[GIVEN MATERIAL — start]

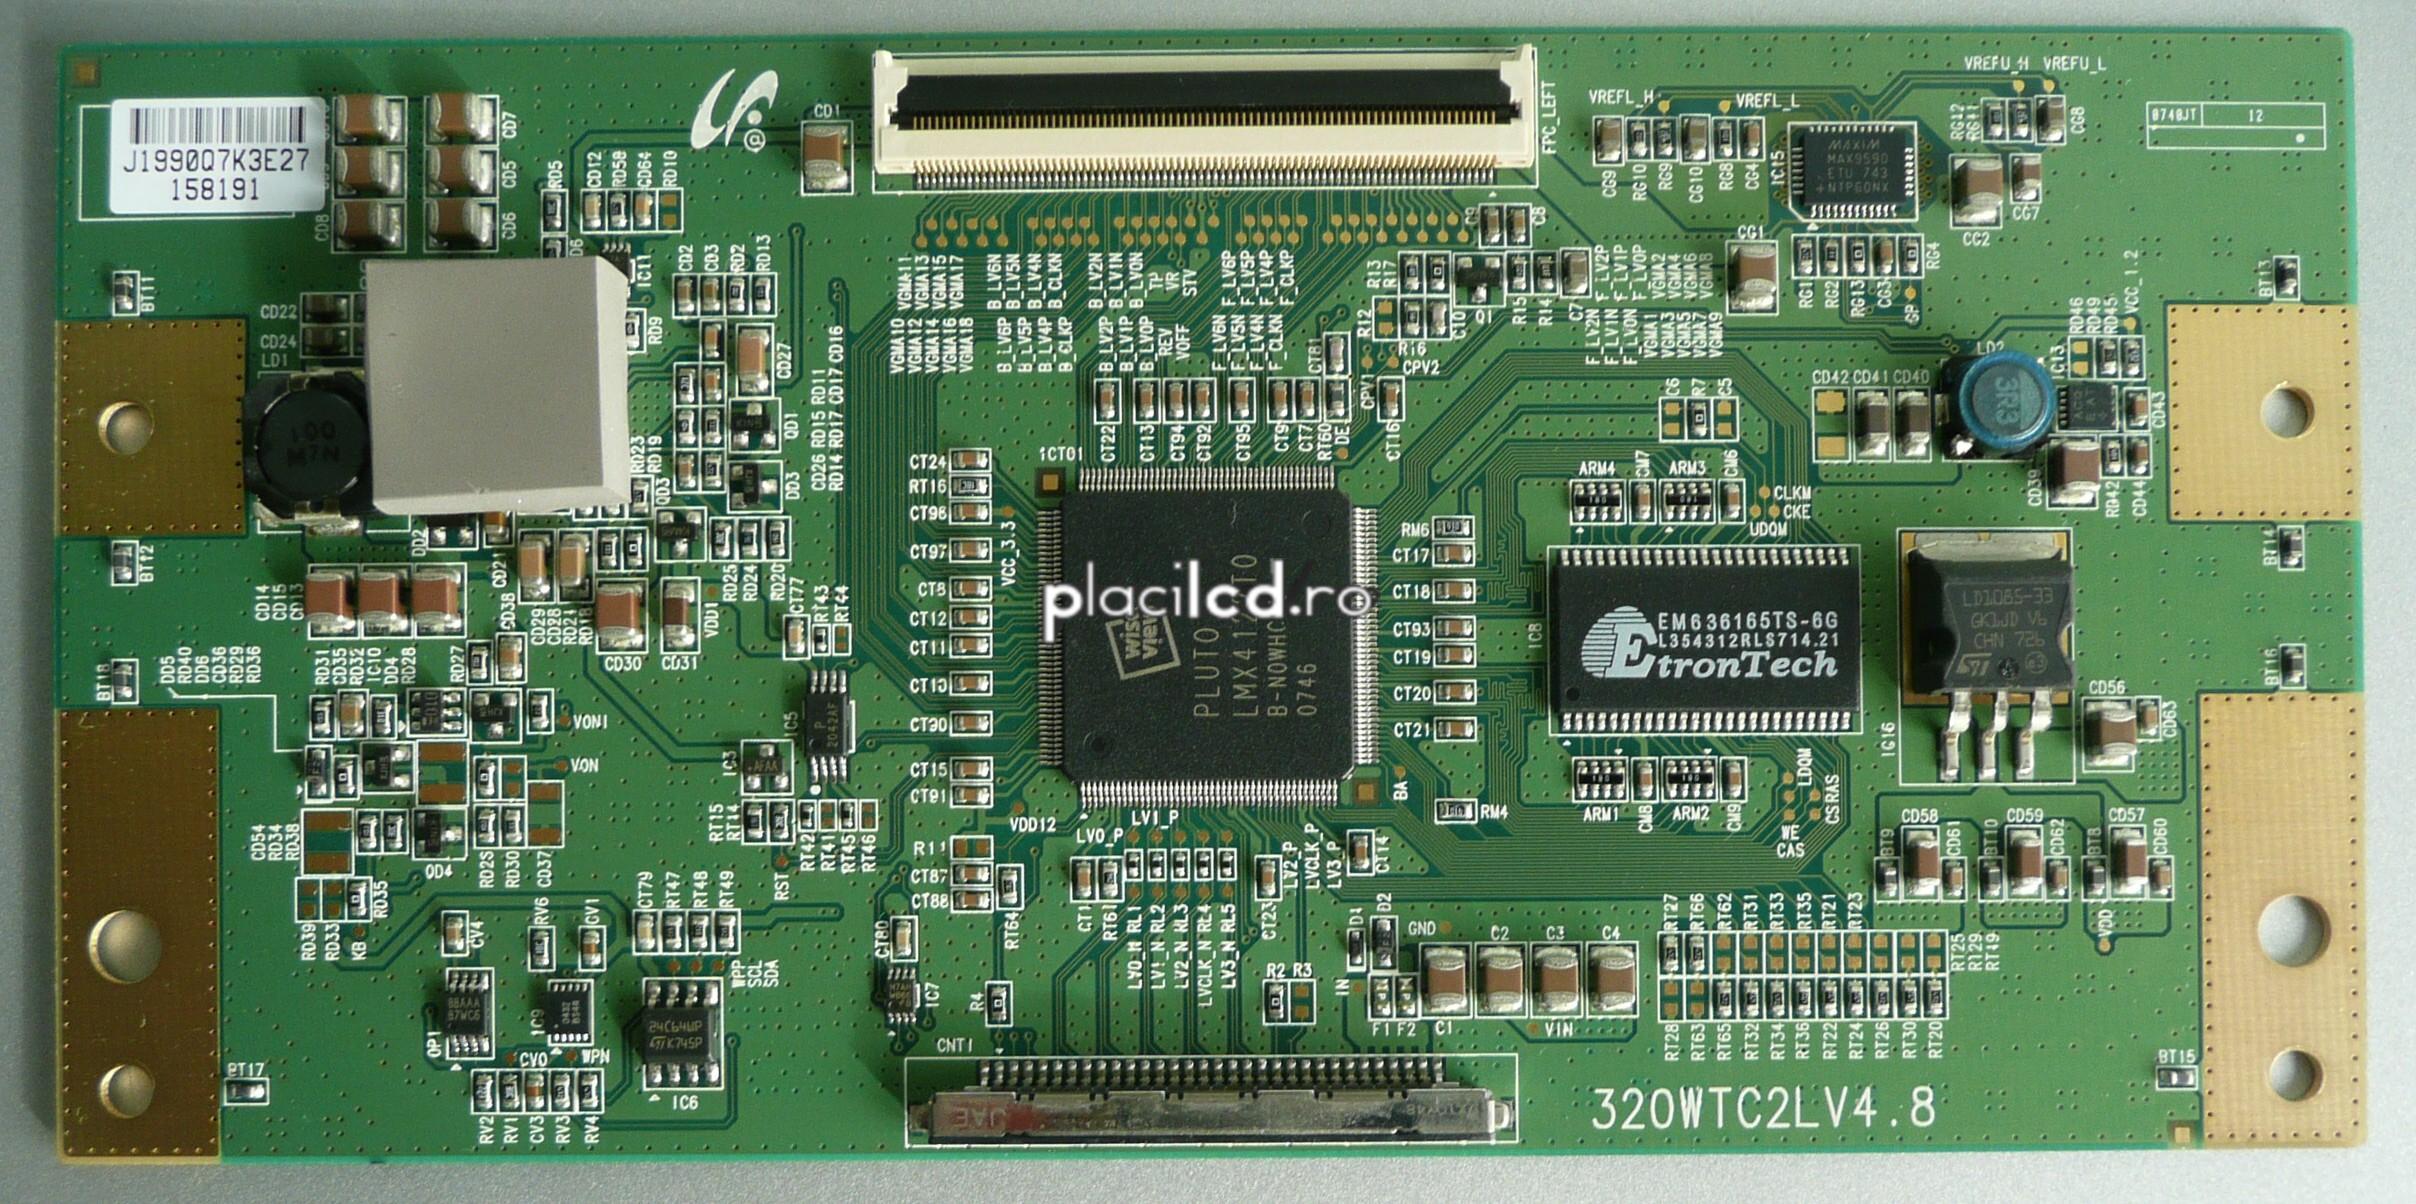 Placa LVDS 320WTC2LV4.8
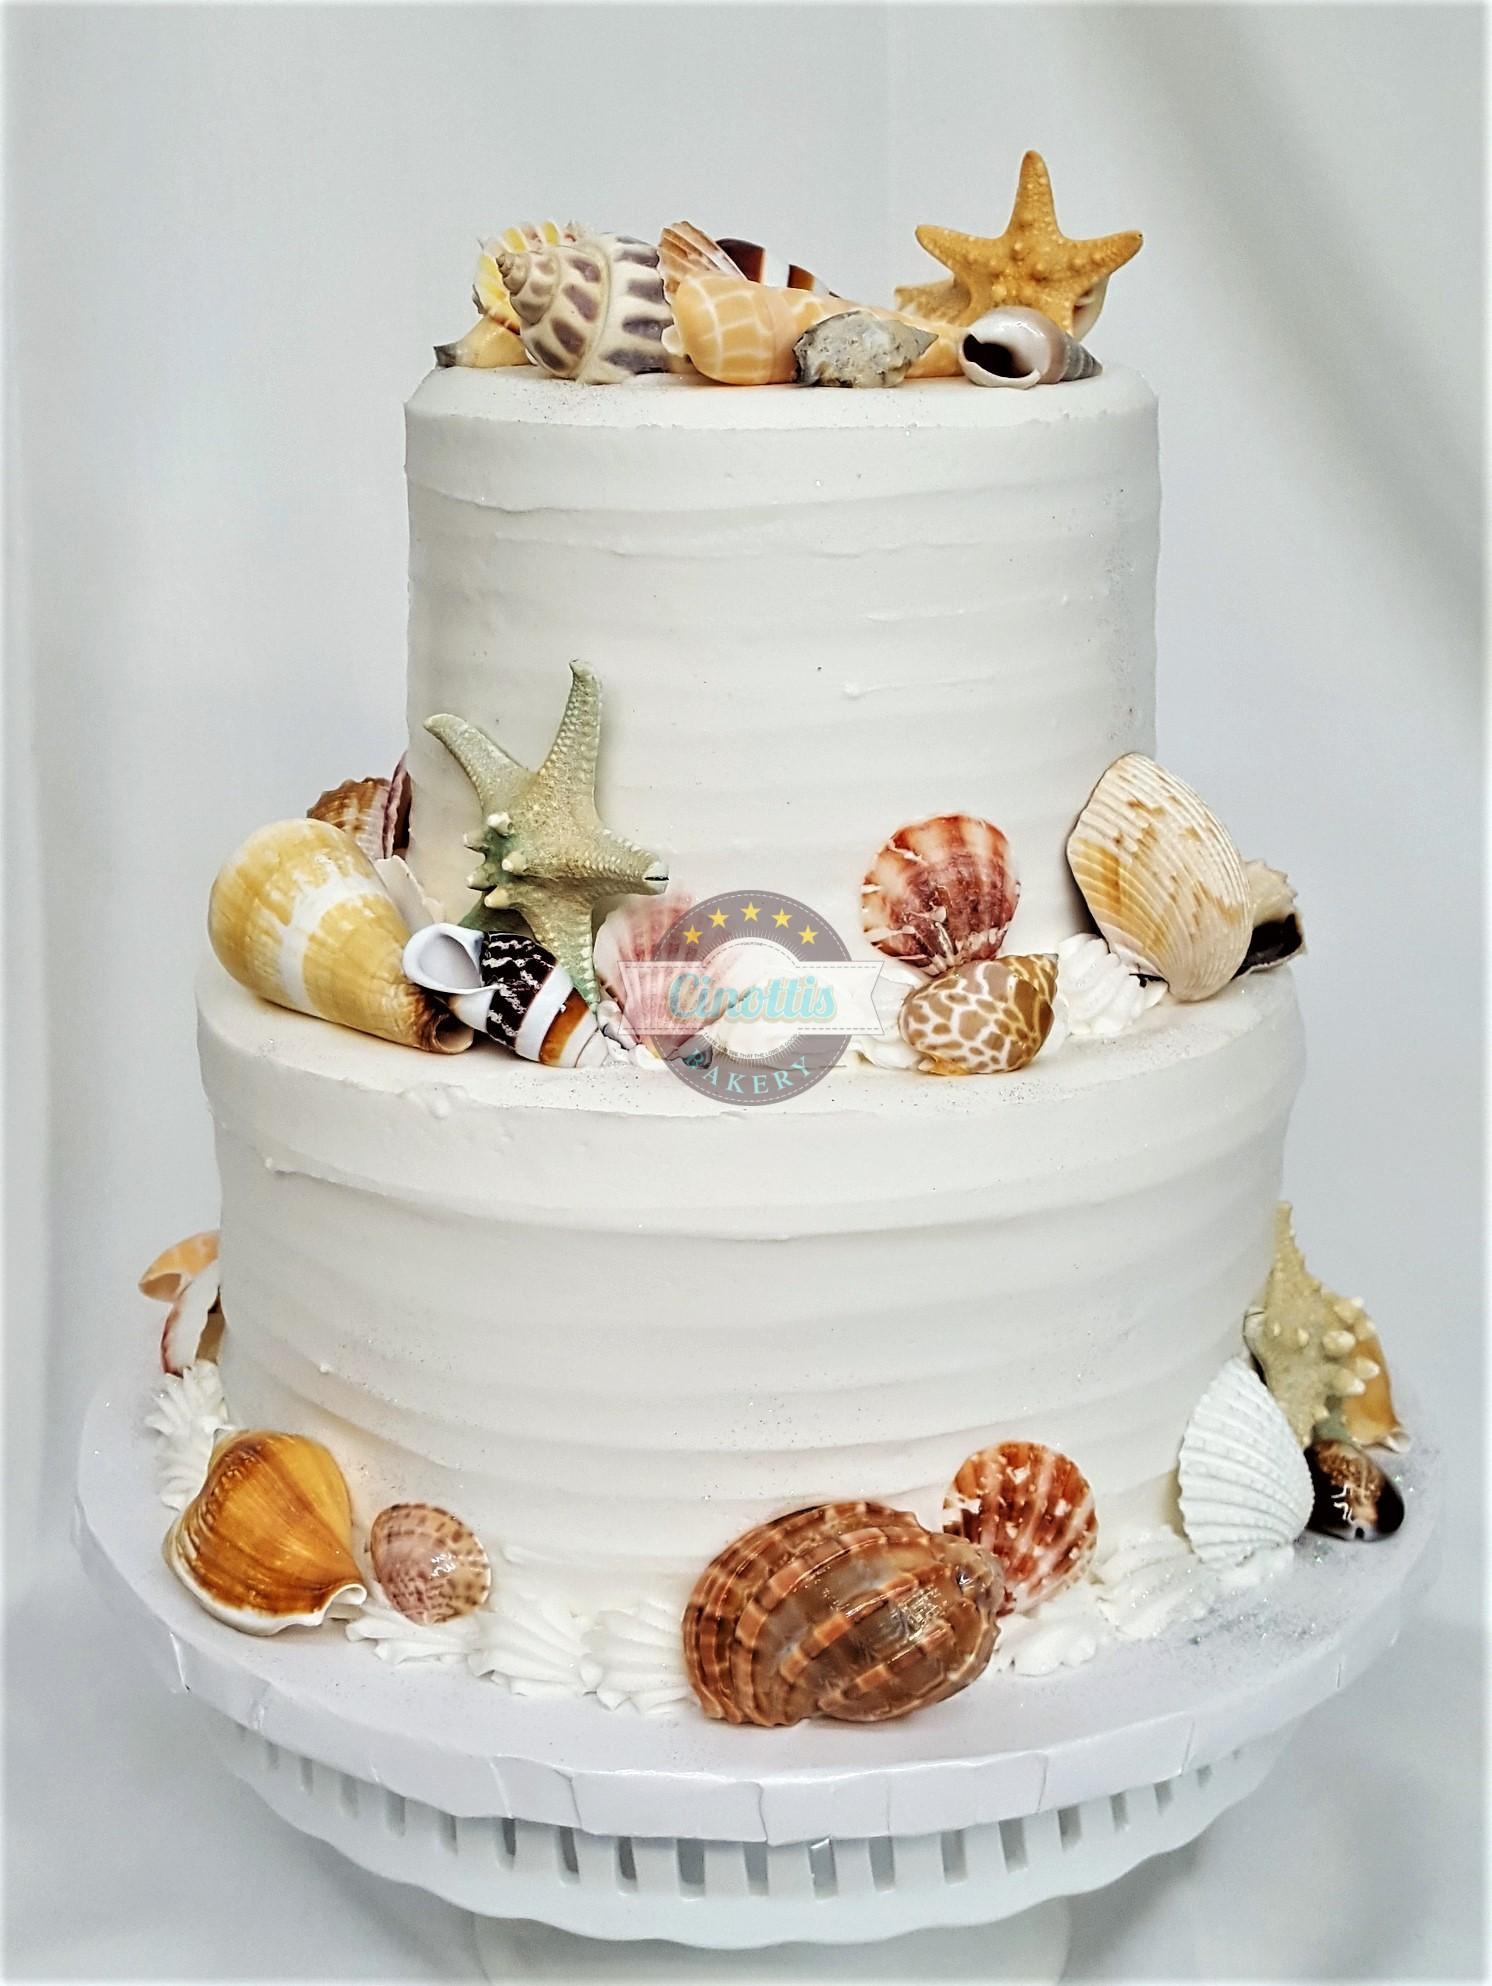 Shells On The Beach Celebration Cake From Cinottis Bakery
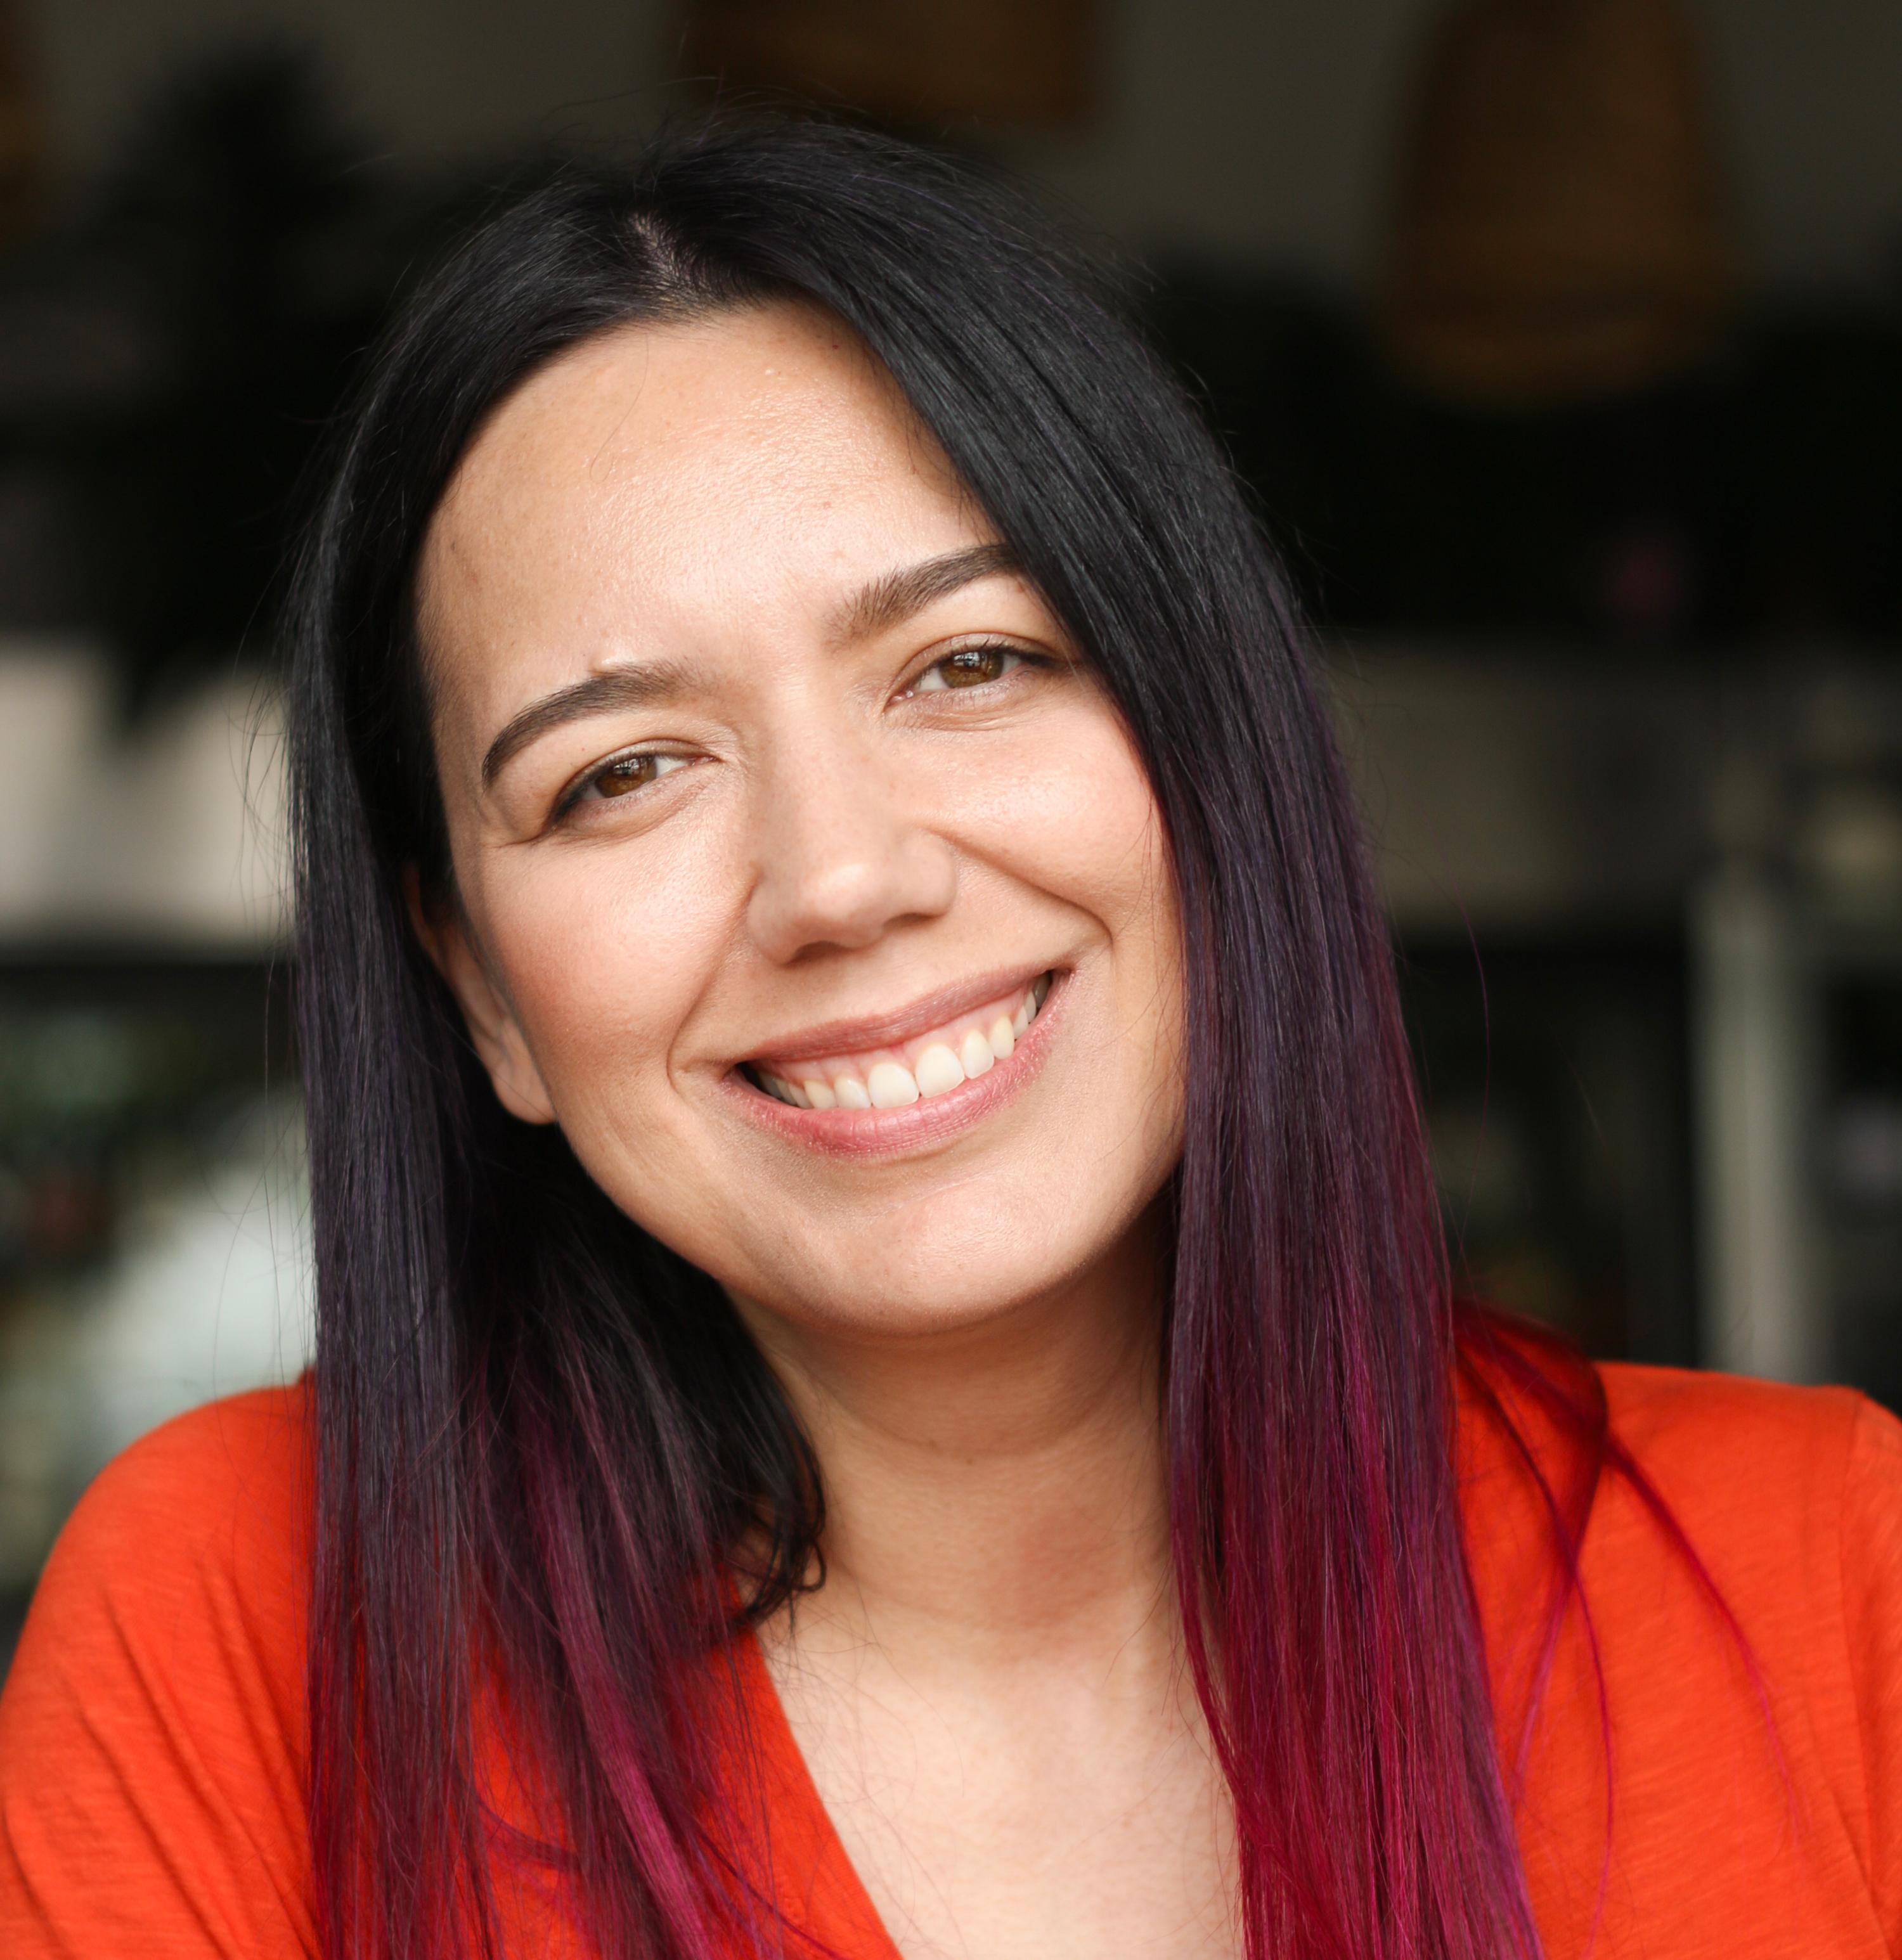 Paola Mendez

[GIVEN MATERIAL — finish]

[PROBLEM DETAILS] Reproduce each line above precisely, with no pictures.

[RESPONSE AREA]
 Placa LVDS 320WTC2LV4.8
 Shells On The Beach Celebration Cake From Cinottis Bakery
 Paola Mendez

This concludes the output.